• Acute-phase protein;
  • Canine;
  • Pneumonia


C-reactive protein (CRP) is a major acute-phase protein in dogs. Serum concentrations are low in healthy animals, but increase rapidly after inflammatory stimuli.


The aim of the study was to investigate CRP concentrations in various respiratory diseases of dogs and to determine if CRP can be used as a biomarker in the diagnosis of bacterial respiratory diseases.


A total of 106 privately owned dogs with respiratory diseases (17 with bacterial tracheobronchitis [BTB], 20 with chronic bronchitis [CB], 20 with eosinophilic bronchopneumopathy [EBP], 12 with canine idiopathic pulmonary fibrosis [CIPF], 15 with cardiogenic pulmonary edema [CPE], and 22 with bacterial pneumonia [BP]) and 72 healthy controls.


The study was conducted as a prospective cross-sectional observational study. CRP was measured in serum samples. Diagnosis was confirmed by clinical and laboratory findings, diagnostic imaging, and selected diagnostic methods such as cytological and microbiological analysis of respiratory samples, echocardiography, and histopathology.

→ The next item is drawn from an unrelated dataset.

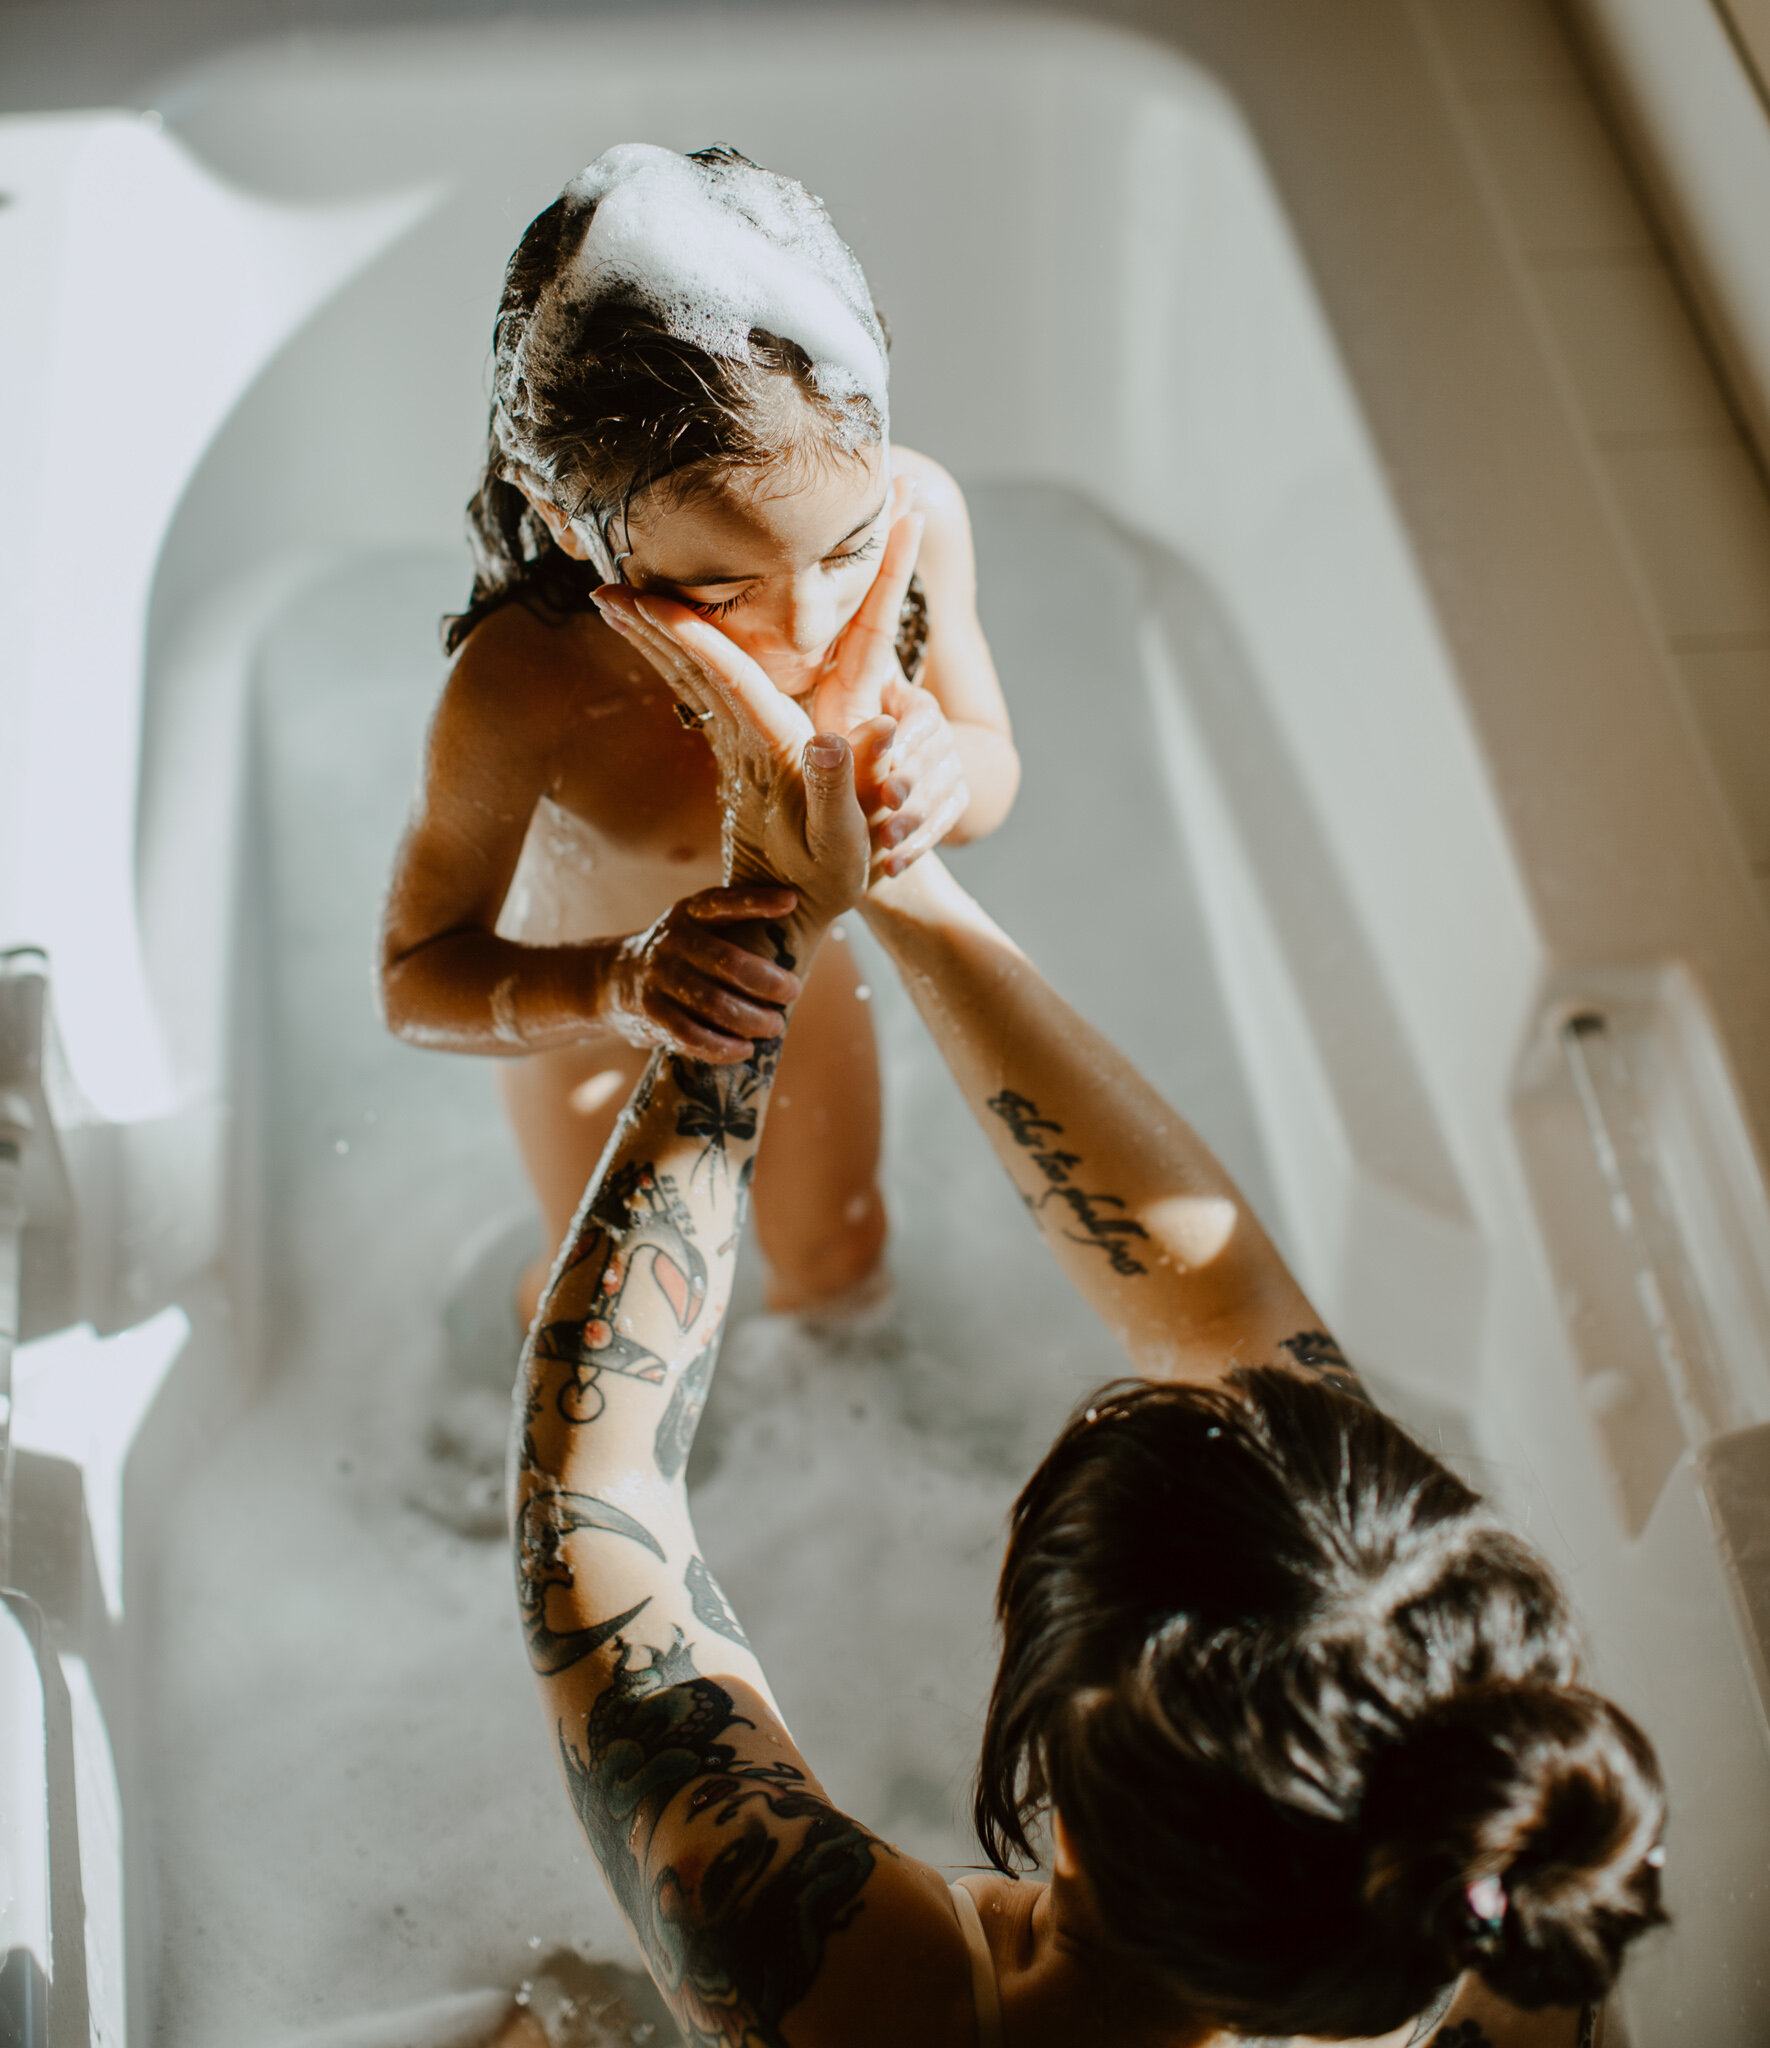 mother and child in tub with bubbles

Dogs with BP had significantly higher CRP concentrations (median, 121 mg/L; interquartile range, 68–178 mg/L) than dogs with BTB (23, 15–38, P = .0003), CB (13, 8–14, P < .0001), EBP (5, 5–15, P < .0001), CIPF (17, 10–20, P < .0001), or CPE (19, 13–32, P < .0001) and healthy controls (14, 8–20, P < .0001). Dogs with BTB had significantly higher CRP concentrations than dogs with CB (P = .001) or EBP (P < .0001) and healthy controls (P = .029).

Conclusion and Clinical Importance

These results indicate that CRP has potential for use as an additional biomarker, especially in the diagnostics of BP.